Я обошла упавший эвкалипт и остановилась. Вокруг пруда виднелась цепочка кустов и низких пальм. Сэм и Джейн отходили все дальше, шорох их шагов становился все тише, лес погрузился в тишину.
Запах разлагающейся плоти не похож ни на какой другой. Я чувствовала его на человеческой челюсти, а теперь сладковатая вонь парила в вечернем воздухе, подсказывая, что источник где-то рядом. Едва дыша, я развернулась, как недавно Джейн, закрыла глаза, сосредоточившись только на чувствах. То же движение, но другая цель. Джейн шла на звук, а я – на запах.
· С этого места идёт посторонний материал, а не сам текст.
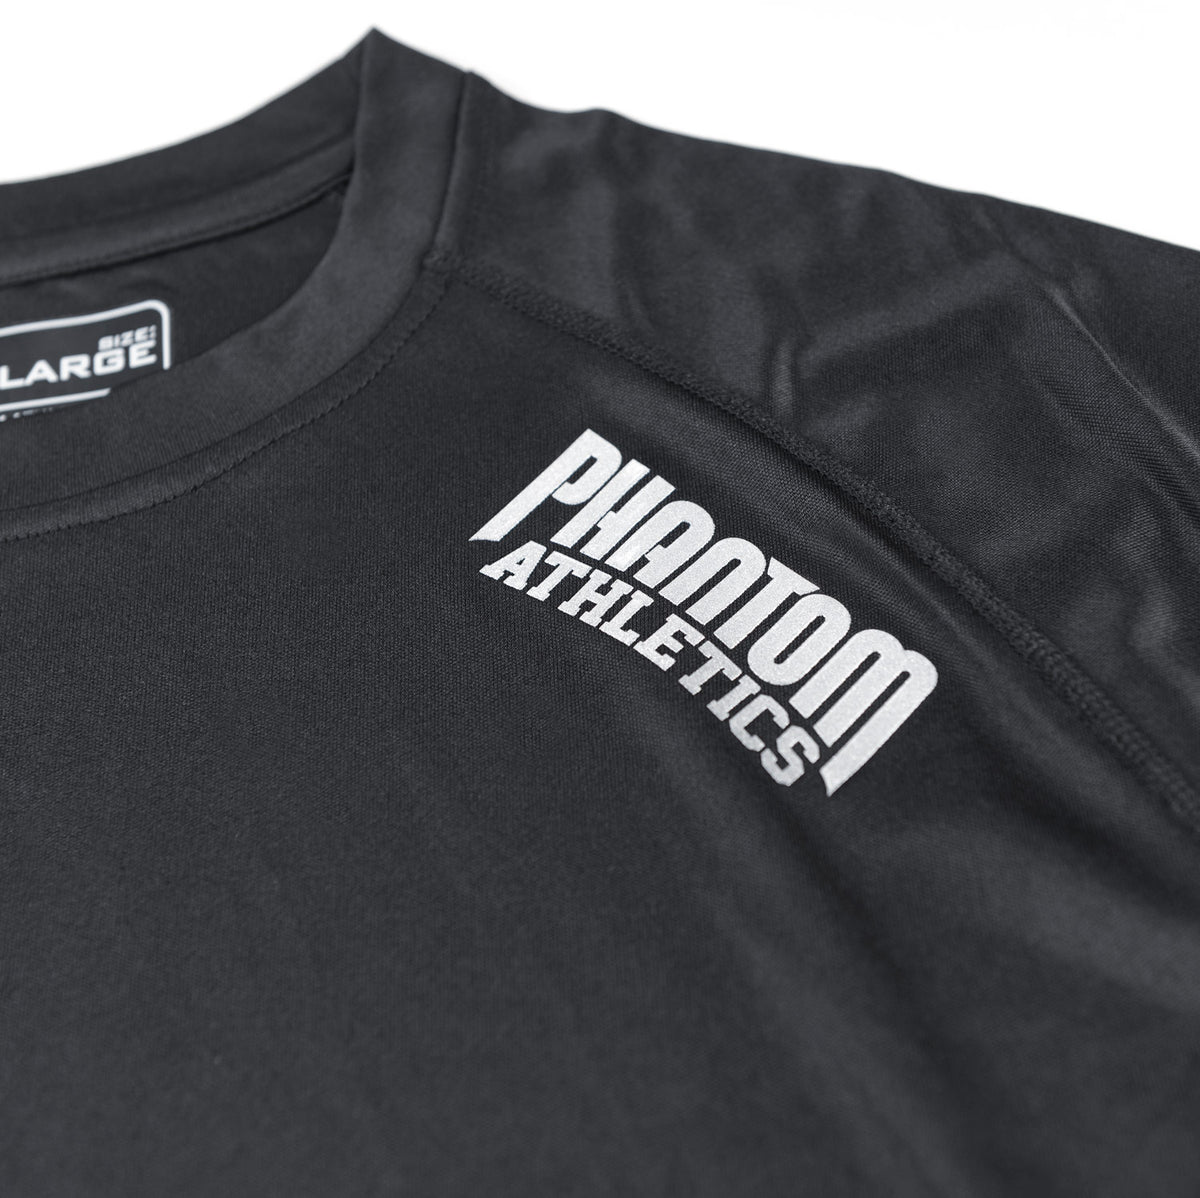 Der hochwertige Silikondruck auf dem Phantom Athletics Tactic Trainingsshirt

Вонь шла от пруда. Я двинулась к нему, нос не отпускал запах, глаза бегали в поисках рептилий. Над головой крикнула обезьяна, на землю пролился поток мочи. Затряслись ветки, на землю посыпалась листва. Вонь с каждым шагом становилась все сильнее.
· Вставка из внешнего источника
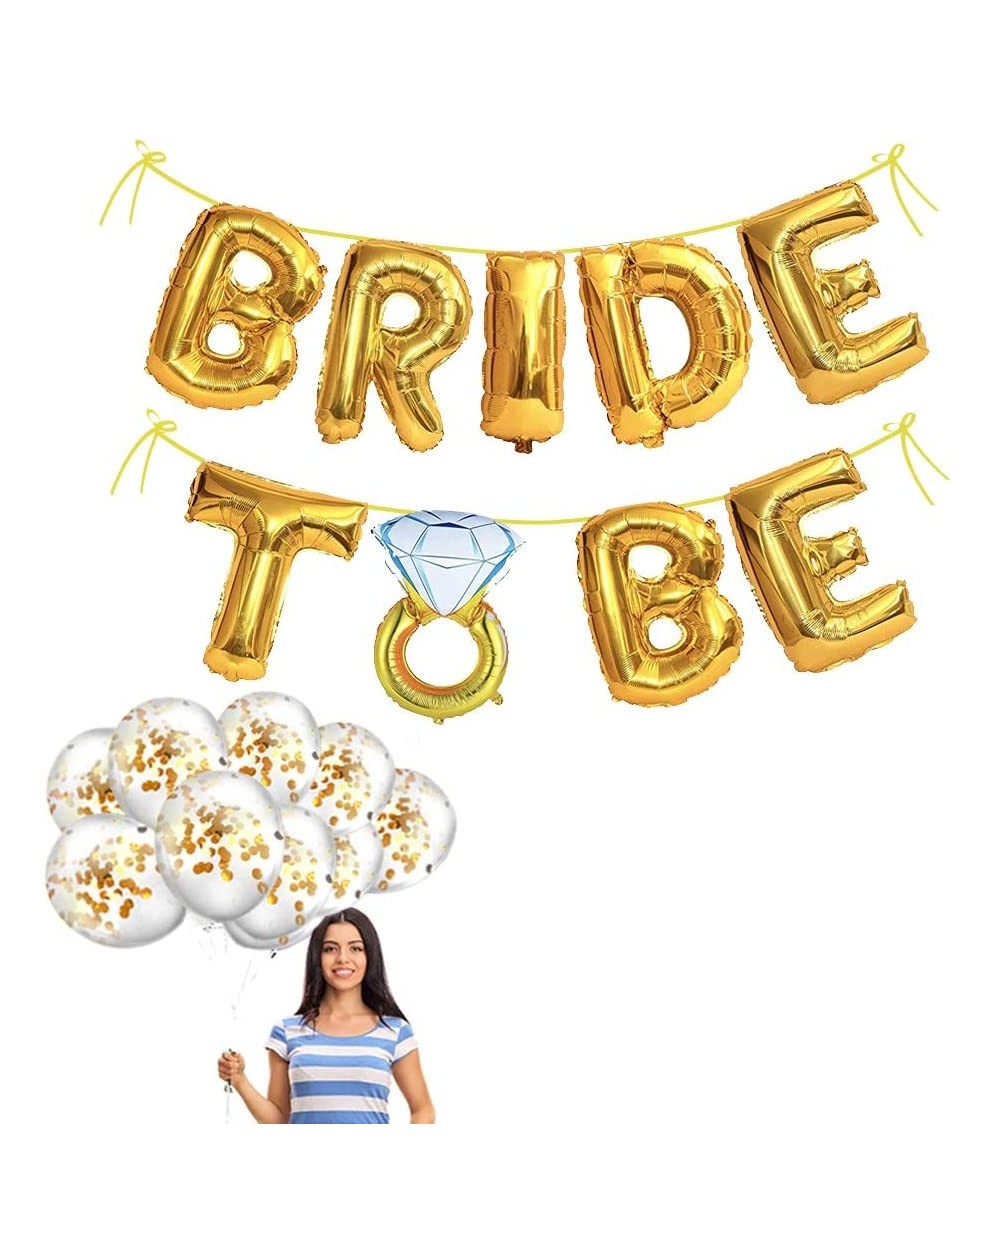 Balloons Bachelorette Party Decorations - Bride to Be Balloons Kit - 16" Gold Bride to Be Foil Balloons for Bride shower Supp...

Через пару метров я остановилась и навела бинокль на плотную завесу из пальм и рвотного чая, отделявшую меня от пруда. Прямо на его границе расплывалось бесформенное облако.
Я медленно двинулась вперед, осторожно пробуя землю ногой. У кустов вонь стала невыносимой. Я прислушалась. Тишина. Присмотрелась к кустам. Ничего. Сердце билось как сумасшедшее, по лицу тек пот.
"Вперед, Бреннан. До пруда еще далеко, тут нет аллигаторов".
Я вынула из кармана бандану, закрыла ею нос и рот, присела посмотреть, что же так заинтересовало мух.
Они взмыли вверх как одна, с жужжанием кинулись на меня. Я отмахнулась, но они тут же вернулись. Отгоняя мух одной рукой, я укутала вторую банданой и приподняла ветки рвотного чая. Насекомые запрыгали по лицу и руке, возмущенно жужжа.
Мух привлекла неглубокая могила, спрятанная под ветками. Из нее на меня уставилось человеческое лицо, черты его размывались и менялись в неверном свете. Я наклонилась ближе, потом в ужасе отшатнулась.
Не лицо – обглоданный падалыциками череп. То, что показалось мне глазами, носом и губами, было на самом деле тучами мелких крабов, примкнувших к бурлящей на черепе массе, которая поедала остатки плоти.
Оглядевшись, я сообразила, что здесь побывали и другие. Справа лежала искалеченная грудная клетка. Кости руки, все еще скрепленные усиками высохших связок, выглядывали из подлеска в паре метров от меня.
Я отпустила ветку и села на корточки, парализованная ледяной тошнотой. Краем глаза заметила, как подходит Сэм. Он говорил, но слова не доходили до меня. Где-то в миллионах миль отсюда взревел и затих мотор.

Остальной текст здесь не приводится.